企業価値とは?考え方・事業価値や株主価値との違いを簡単に紹介

企業経営情報ラボ

企業価値とは、企業全体の経済的価値のことです。

将来に渡り会社の生み出すキャッシュフローの現在価値であり、事業・株式・資産・負債などを総合的に判断し、評価されます。

そこで、企業価値について、考え方や事業価値、株主価値との違いを簡単に紹介します。

 

企業価値とは

「企業価値」とは、会社全体の経済的な価値を示す指標です。

将来的な収益を今の時点の価値に換算し、会社の価値を金額であらわします。

企業価値は、貸借対照表の貸方および借方であり、企業外部からの視点では株式価値と負債価値を合わせたものです。

 

企業価値の考え方

企業価値は、株価算定・M&A・リストラなどにおける評価の基準になります。

また、子会社や関連会社に対する出資など、連結経営においても不可欠といえます。

時価総額やEVなどと似た概念であるものの、企業価値とは以下のとおり異なります。

・企業価値は株式価値に負債価値を加えたものであるのに対し、時価総額は株価の総額(株式価値)である

・EVは株式価値と負債価値を加え、現金および現金同等物を差し引いて算出する

企業価値は、事業の種類や特性で評価の手法が異なることが多いため、一律の評価は難しいといえます。

 

時価総額との違い

「時価総額」とは、株価の総額のことであり、企業価値を構成する重要な要素です。

会社が返さなければならない有利子負債を足すことにより、最終的な企業価値を計算できます。

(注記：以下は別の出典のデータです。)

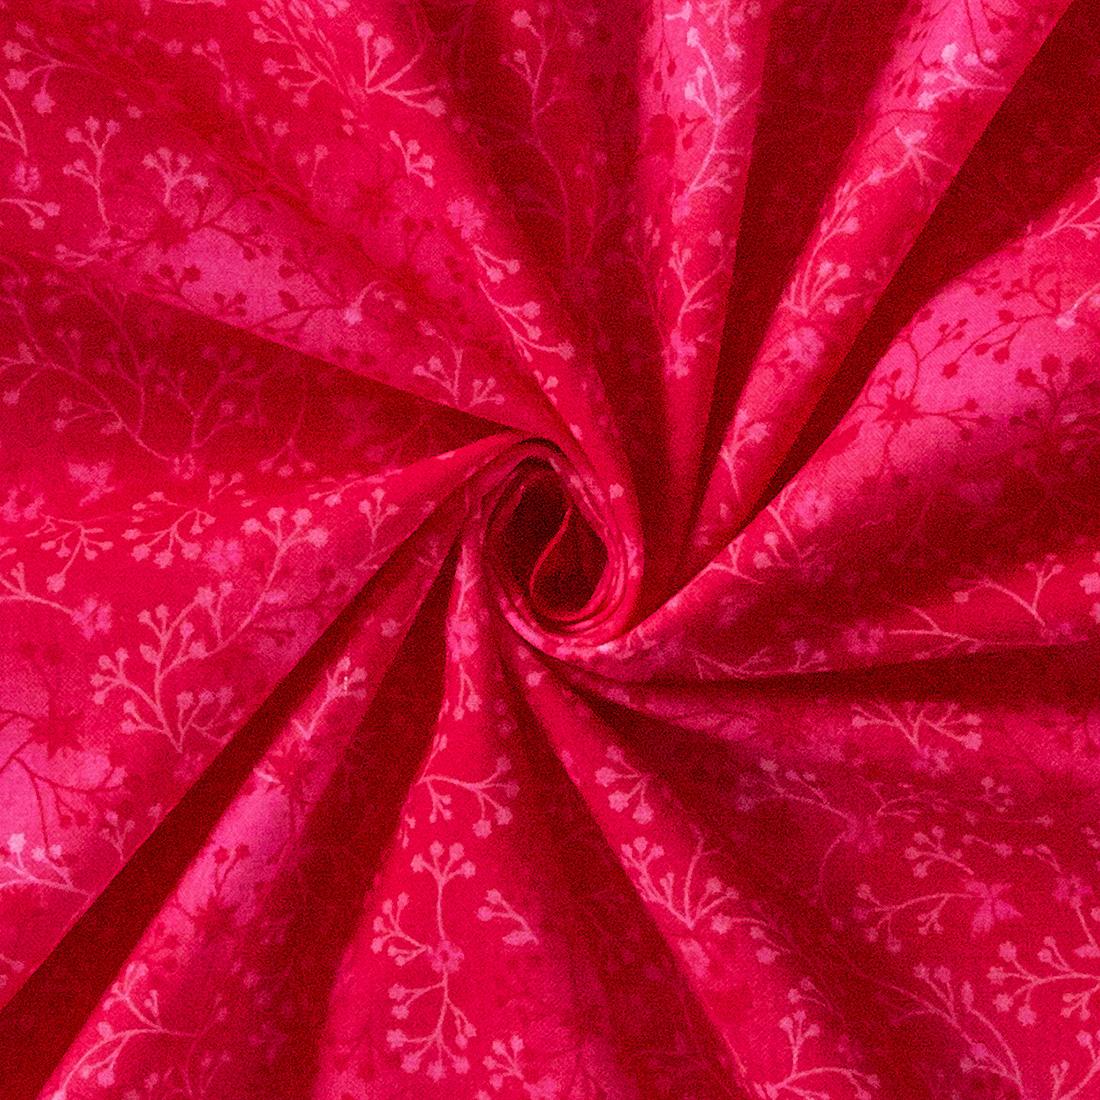 Cotton Floral Fuchsia Blend Craft Fabric
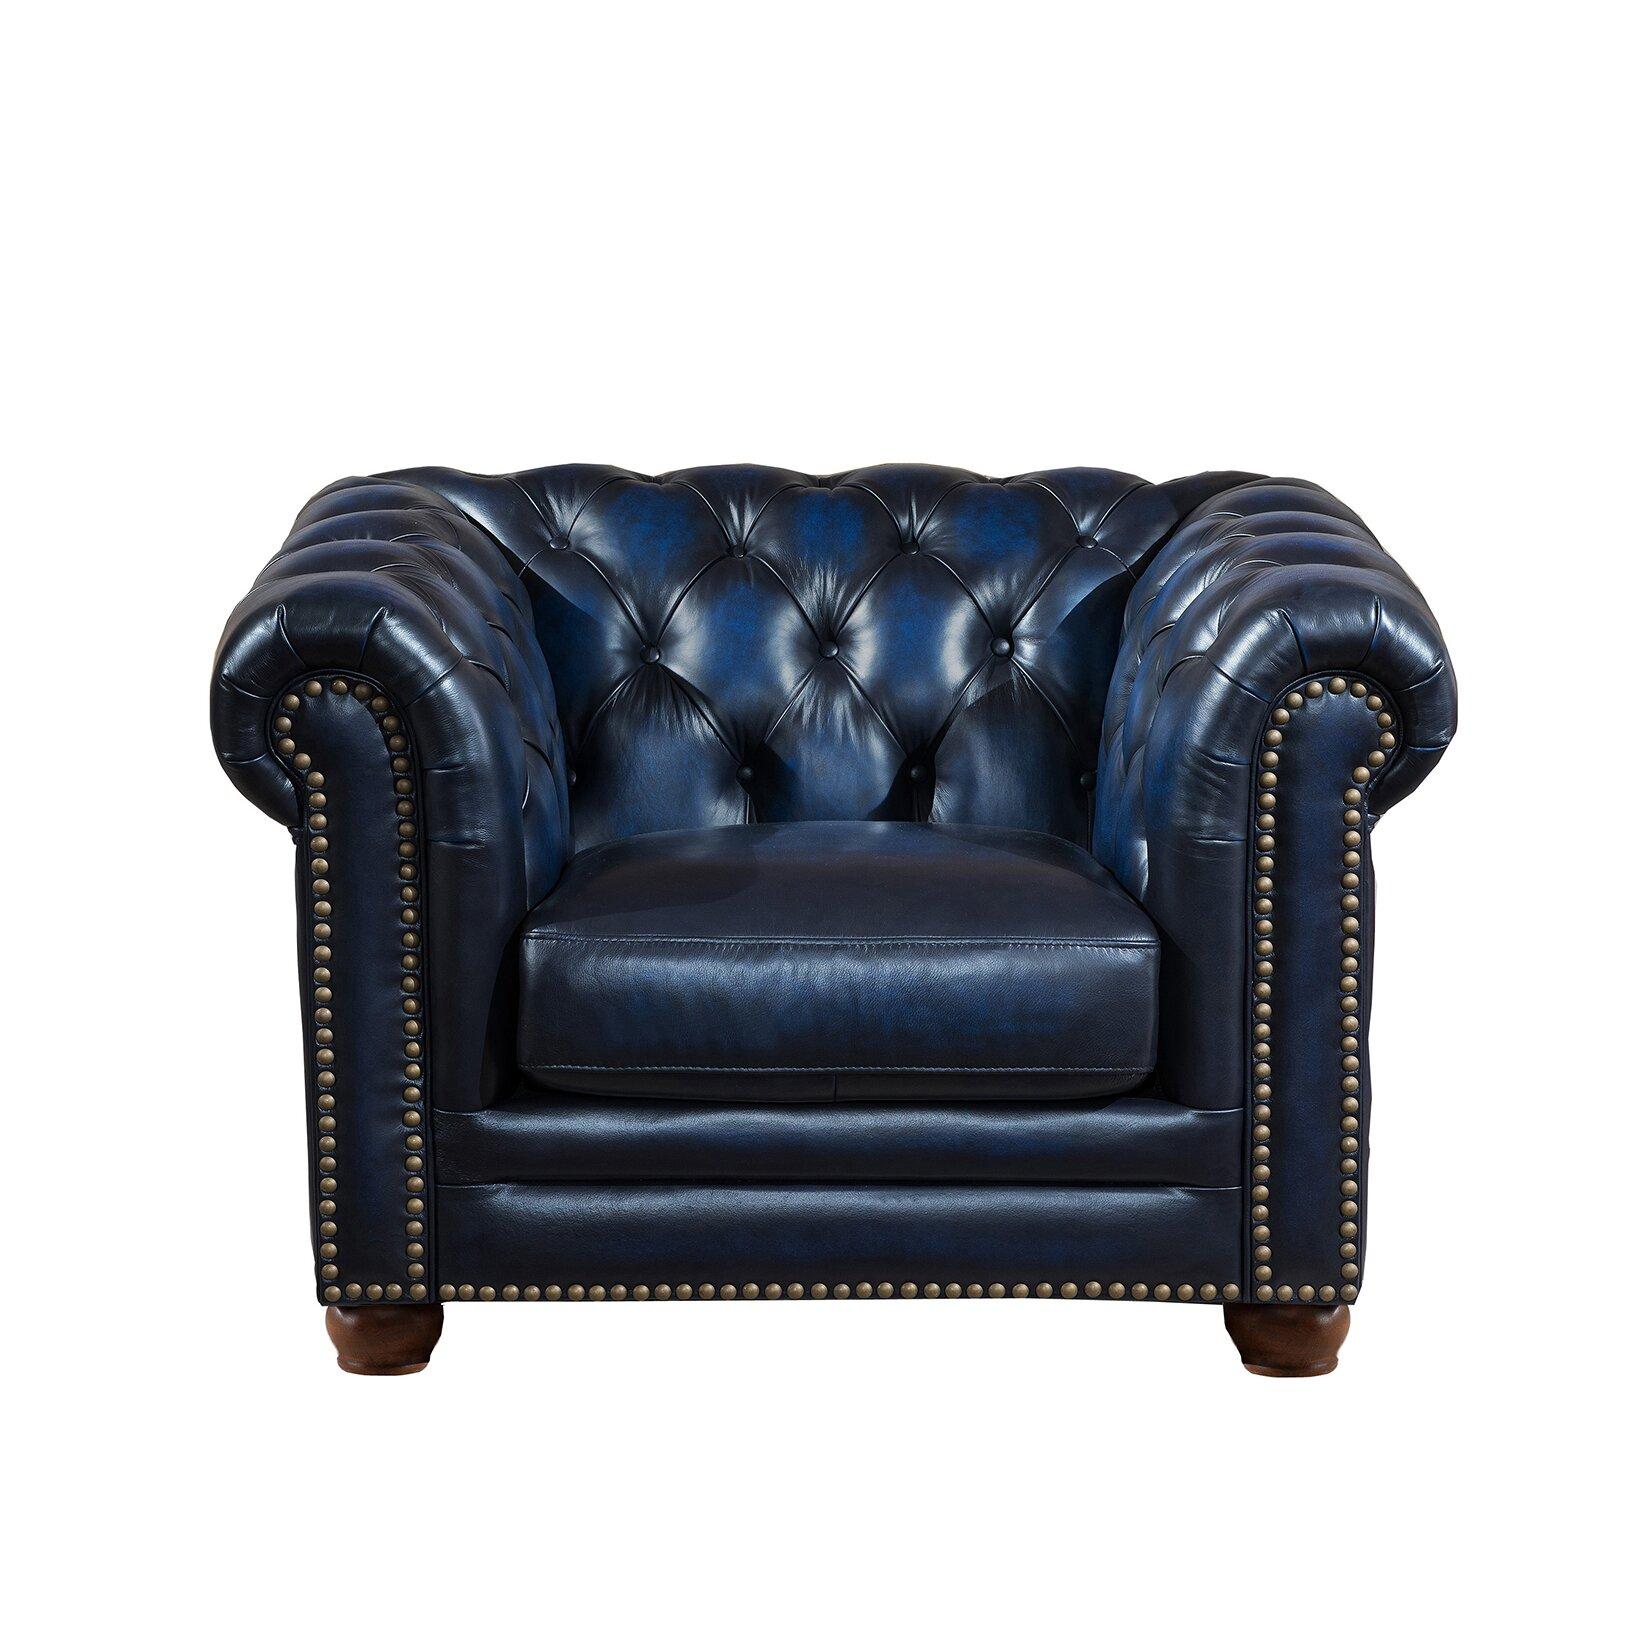 Amax Nebraska Chesterfield Genuine Leather Sofa Loveseat And Chair Set Wayfair

しかし、投資家や金融機関により資金回収可能と判断されたため、企業価値として考慮されます。

自己資本比率100%で有利子負債ゼロのケースにおいては、企業価値と時価総額が一致する図式も成り立つ場合もあります。

 

事業価値との違い

「事業価値」とは、事業・資産・負債・事業が将来に渡り生むキャッシュフローの合計です。

以下の計算式で算出できます。

事業価値=企業価値-事業外の価値(非事業用資産)

現預金・遊休地・投資目的の有価証券など、事業外資産は事業価値における資産には該当しません。

数値化しにくいブランドやノウハウ、人的資源などののれんなどの無形資産や知的財産などは、資産に含みます。

 

株主価値との違い

「株主価値」とは、会社の株式価値であり、株価総額です。

そのため時価総額とほぼ同じ扱いとなります。

企業価値から有利子負債を差し引いて算出できるのは、企業価値から他人資本の有利子負債を差し引けば、残りは株主が自由に扱える資産と考えられるからです。